Der künstlerische Durchbruch und heutige Standort

Den entscheidenden Durchbruch erlebte das Bild 1962, als es auf der V. Deutschen Kunstausstellung in Dresden präsentiert wurde. Noch im selben Jahr erwarb das Ministerium für Kultur der DDR das Werk.
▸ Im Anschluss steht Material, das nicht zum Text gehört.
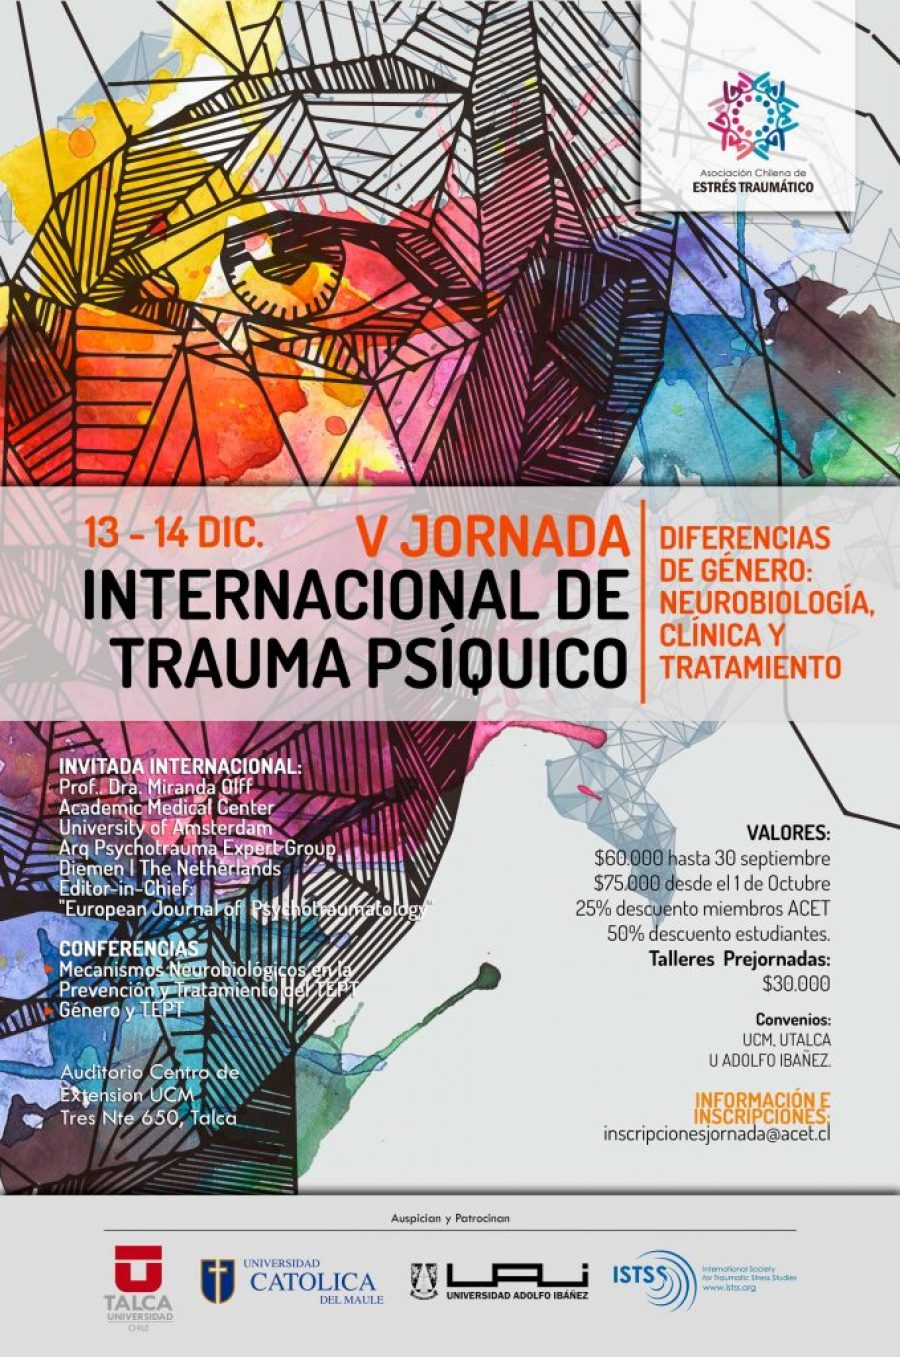 V Jornada Internacional de Trauma Psíquico se realizará en Extensión UCM

Heute befindet sich das Gemälde als Dauerleihgabe der Bundesrepublik Deutschland in den Staatlichen Kunstsammlungen Dresden und wird in der Gemäldegalerie Neue Meister ausgestellt.

Cornelius Fetsch vom Dresdner Institut für Kulturstudien betonte bereits 2014 bei einer Ausstellung in der Rostocker Kunsthalle: "Es ist Zeit für einen fairen Blick auf die Kunst aus der DDR, auch im Westen." Das Bild war Teil der Ausstellung "Bilder machen Schule. Kunstwerke aus DDR-Schulbüchern" und gehört neben Walter Womackas "Am Strand" zu den bekanntesten DDR-Kunstwerken.

Der Künstler Harald Hakenbeck: Vom Angestellten zum Dozenten

Harald Hakenbeck wurde am 20. September 1926 in Stettin geboren. Nach einer Lehre als kaufmännischer Angestellter bei einer Krankenkasse (1942-1944) und Kriegseinsatz in der Wehrmacht studierte er von 1948 bis 1953 an der Hochschule für bildende und angewandte Kunst Berlin-Weißensee. Seine Lehrer waren unter anderem Arno Mohr und Bert Heller.

Nach dem Diplom im Fach Wandgestaltung war er von 1954 bis 1957 Meisterschüler bei Heinrich Ehmsen an der Deutschen Akademie der Künste. Anschließend arbeitete er als freischaffender Maler und Grafiker in Berlin. Seine künstlerische Laufbahn führte ihn auf Reisen nach Albanien (1958), Burma und Indonesien (1963).

Von 1965 bis 1968 war Hakenbeck Dozent am Institut für Kunsterziehung der Ernst-Moritz-Arndt-Universität Greifswald, später von 1974 bis 1980 Dozent für Malerei an der Kunsthochschule Berlin-Weißensee. Laut Medienberichten lebt der Künstler heute in Berlin.

Das Gemälde "Peter im Tierpark" bleibt damit nicht nur ein kunsthistorisches Dokument, sondern auch ein Zeitzeugnis, das die emotionale Landschaft mehrerer Generationen in Ostdeutschland widerspiegelt und bis heute Diskussionen über Kunst, Erinnerung und Identität anregt.